Anyway, this is the solution I received:

# convert longitudes
lon = xds_referenced['lon']
lon_180 = ((lon + 180) % 360) - 180   # wrap to [-180, 180)

# Note - you can't just do:
#   xds_referenced['lon'] = xds_referenced['lon'] + 180
# as coordinate data are 'immutable' - they can't be altered in-place

# assign new longitude coordinate
xds_referenced = xds_referenced.assign_coords(lon=lon_180)

# set the spatial dimensions explicitly
xds_referenced = xds_referenced.rio.set_spatial_dims(x_dim="lon", y_dim="lat")

# write the crs again
xds_referenced = xds_referenced.rio.write_crs('EPSG:4326')

# plot
fig, ax = plt.subplots()
xds_referenced.isel(time=0).air.plot.imshow(ax=ax)
ohio_gdf.plot(ax=ax, fc='none', ec='black')
plt.show()
../_images/893ca57487264336975cc48160ab19de875fed88b1e4ac09f812e84781e0f798.png

Great, fixed! The dataset is now rioxarray-compatible, and we can apply the .rio accessor to the dataset: specifically, .rio.clip():

# Clip to ohio_gdf
xds_ohio = xds_referenced.rio.clip(ohio_gdf.geometry.values, all_touched=True)

# plot
fig, ax = plt.subplots()
xds_ohio.isel(time=0).air.plot.imshow(ax=ax)
ohio_gdf.plot(ax=ax, fc='none', ec='black')
plt.show()
../_images/e60552d20317d34655a8a2942e6468b136def6bdc362bc896d5784195d5eb2ac.png

Great stuff.
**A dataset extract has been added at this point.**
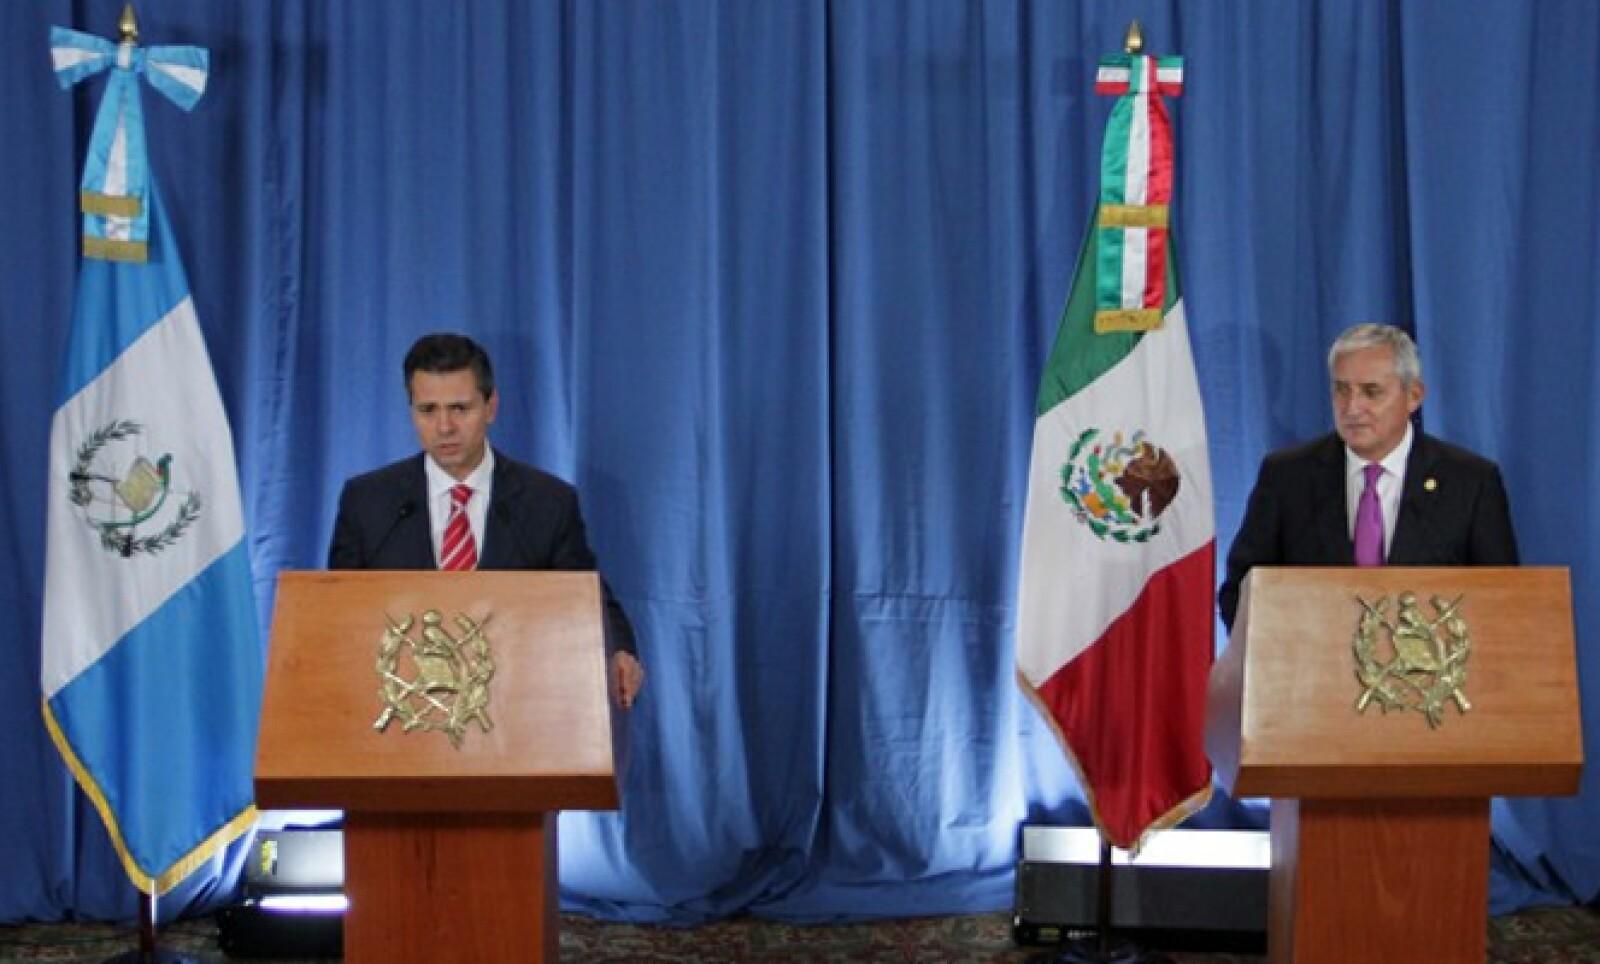 El 31 de mayo, el Ejecutivo se reunió con el presidente Otto Pérez Molina y participó en el foro de inversiones Guatemala Investment Summit 2013.

Note that I have included the parameter all_touched=True. This is because our pixel sizes are large relative to our AOI, and by default the clip removes all pixels than touch the boundary. If we did that, there would be no pixels left! Instead, let’s calculate the mean temperature over Ohio from the eight pixels the state touches, and plot it accordingly against our data from Chicago earlier.

# Calculate the mean, compressing spatial dimensions and leaving only time
ts_ohio = xds_ohio.air.mean(dim=['lat', 'lon'])

# Convert to celcius
ts_ohio -= 273.15

# Plot
fig, ax = plt.subplots()

ts_ohio.plot(ax=ax, label='Ohio (Mean)')
ts_chicago.plot(ax=ax, label='Chicago')

ax.set_xlabel('Time')
ax.set_ylabel('Air Temperature (˚C)')
ax.legend()

ax.set_title('Comparing Air Temperature (˚C) between Chicago and Ohio')
plt.show()
../_images/6896542b899e1e96299f20cfed86714bab81663abf3f27c563787fa38a7c440a.png

I hope you can see how we can use tools such as geopandas, xarray, and rioxarray in powerful ways to perform geospatial analysis.